Today I took a test for a job that paid really well. Did I want the job? Um, kinda. Mostly for the money. The schedule was pretty sweet too. But mostly for the money.
I walked in and the lady administering the test said, “Here ya go. You have to get 9 right and then I’ll have you move on to the next test, alright?” 9 out of 35? No probs. (Except I was actually scared — because it was none other than the DEMON, Excel. (Oh, you suck at math!? Hm. Good luck! You can reason! Oh, you suck with graphs and such? Well, then, my friend…you’re fucked.)
Excel has been not a friend of mine since I first met it many moons ago. Emily was the first friend to try to force my hand in the program. She gave me a couple tutorials, when I had just moved to San Francisco. She was trying to help usher me back into the American workforce. After I landed in Chicago, Amber tried telling me how cool Excel was. All the formulas! All the things you could do! She actually did make it sound worthy of being used…just not by me.
To be honest, I did try. Somewhat. But my brain straight breaks the eff down when it sees spreadsheets. It can’t read, or see shading — it can’t do much of anything. It rolls over and dies.
I should have studied for this test. Played around in Excel a little beforehand. Read about it online.

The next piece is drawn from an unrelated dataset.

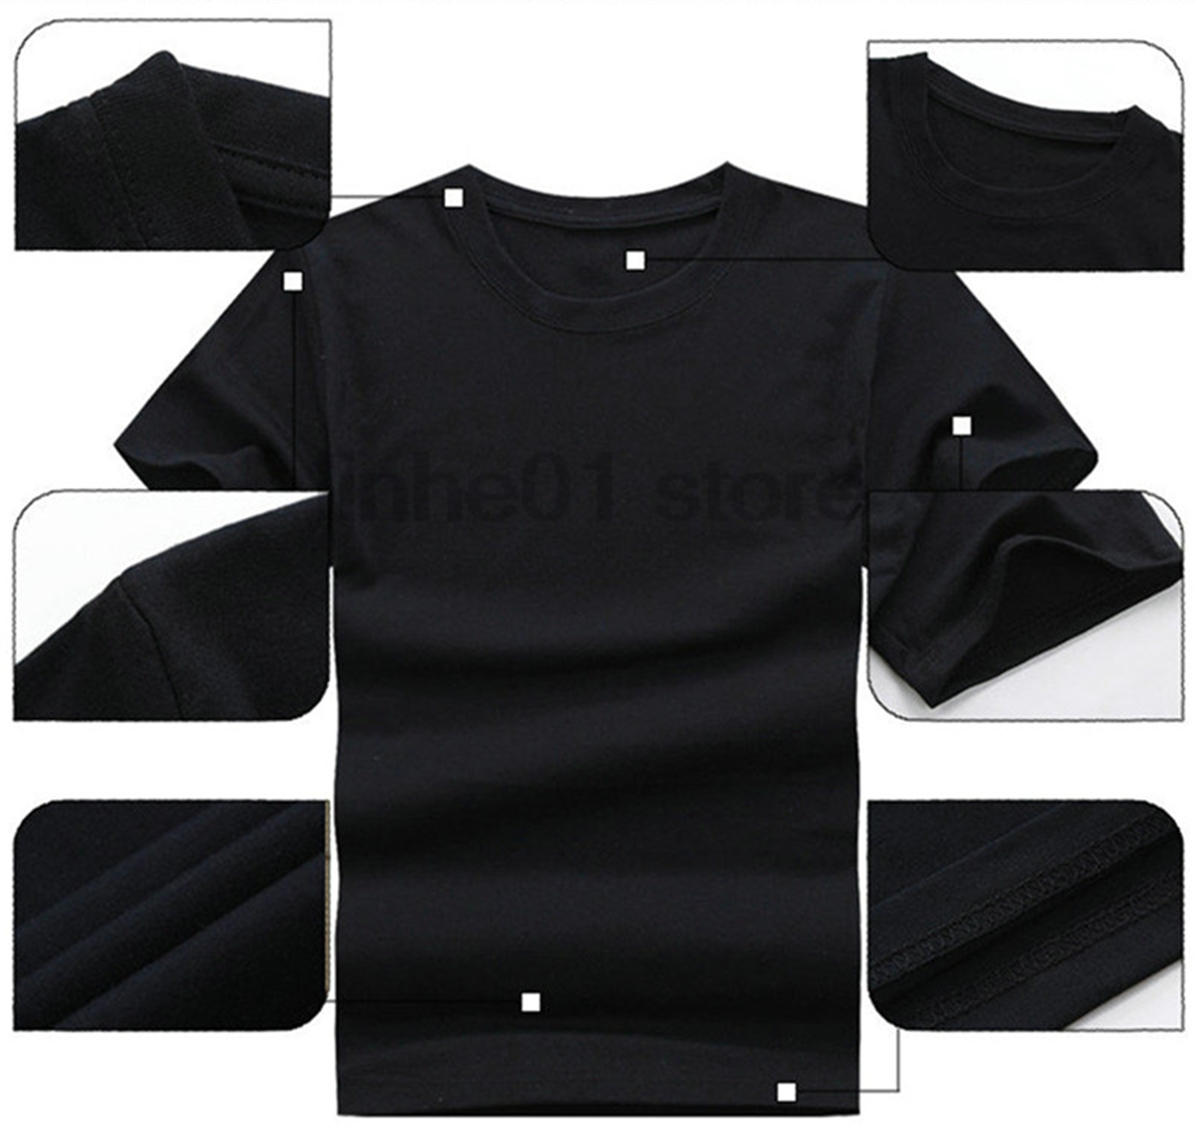 GILDAN BOSTON - MASSACHUSETTS United States USA relaxed fit T-Shirt Hot Womens T-shirt

I don’t know. I should have done something other than walk in blind.
When the bell rang at the twenty minute mark, the lady walked over and checked my total correct answers. 8. That’s right. Just one short of 9.
She sent me home.
I cried all the way back. Hot tears. There was only a scratchy recycled brown napkin in the car but I wiped the tears with it anyway, taking off fresh skin cells as well, no doubt.

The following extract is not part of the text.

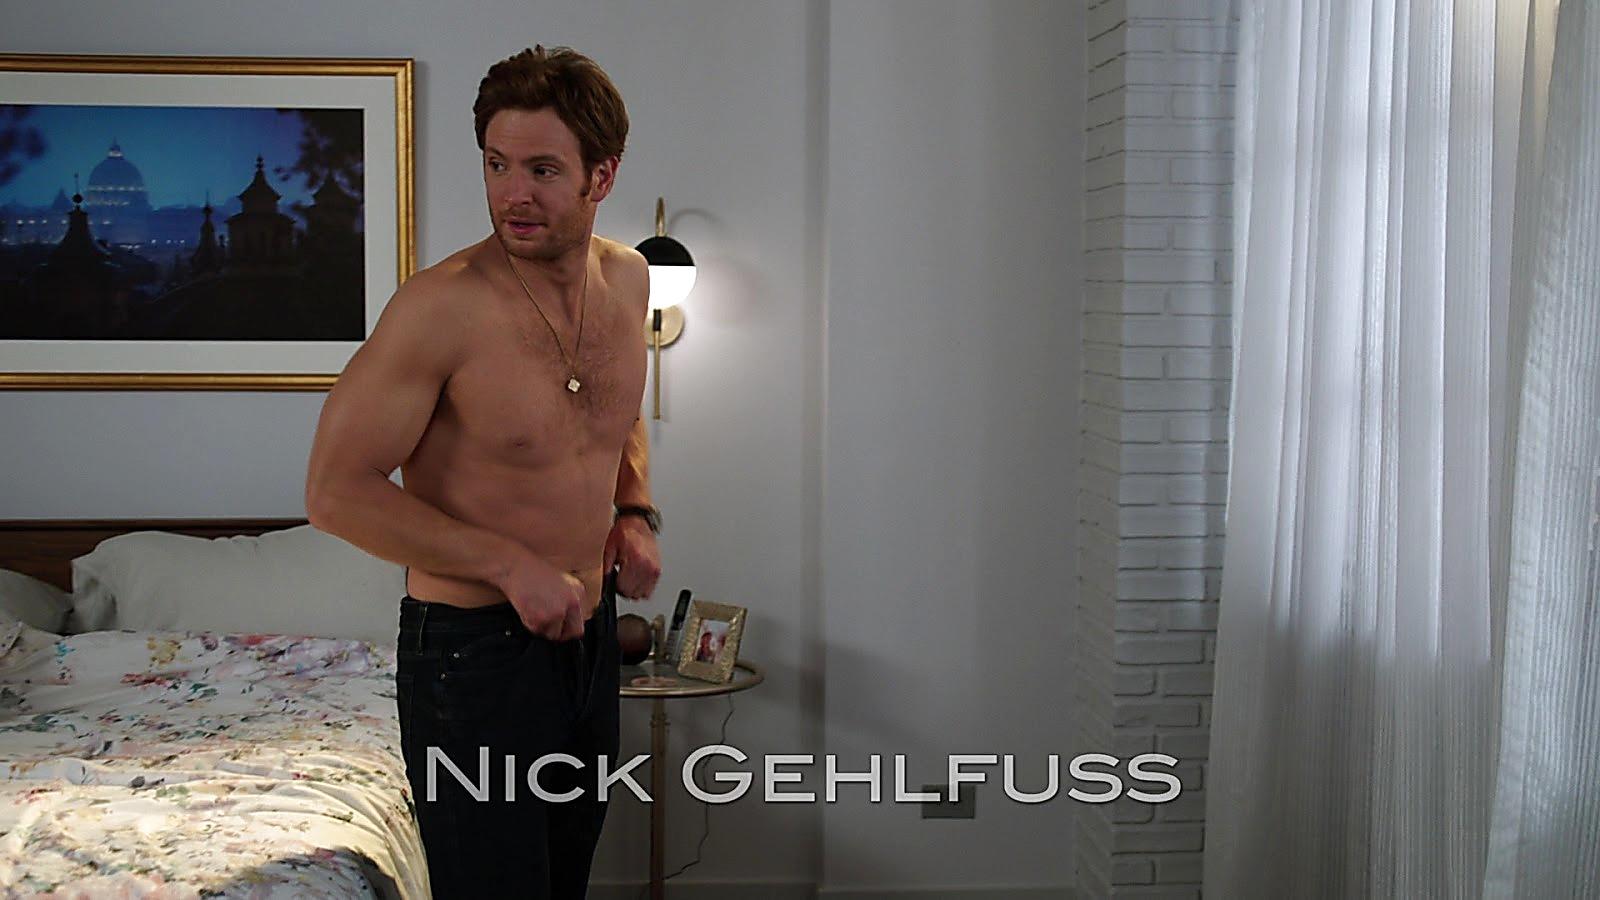 Nick Gehlfuss sexy shirtless scene April 13, 2020, 12pm

I cried because I don’t like failing things. Blatant fails are so different than the muted kind.
I’ll let you in on a secret here. God knows I could have taken some Excel classes in the last twelve years. Emily told me to. Amber told me to. Job postings told me to. Nic suggested it once. But I have been stubborn. I don’t want a job where I sit at a computer and work in a program that makes my brain freeze. I want to write. Rescue dogs. Make people feel loved. I don’t want to excel at Excel.
I don’t know how much longer I will be stubborn. Part of me wants to believe the answer is forever. Part of me wants to join the local library class this week. In both answers lies only one commonality. They both feel a little bit like failure to me.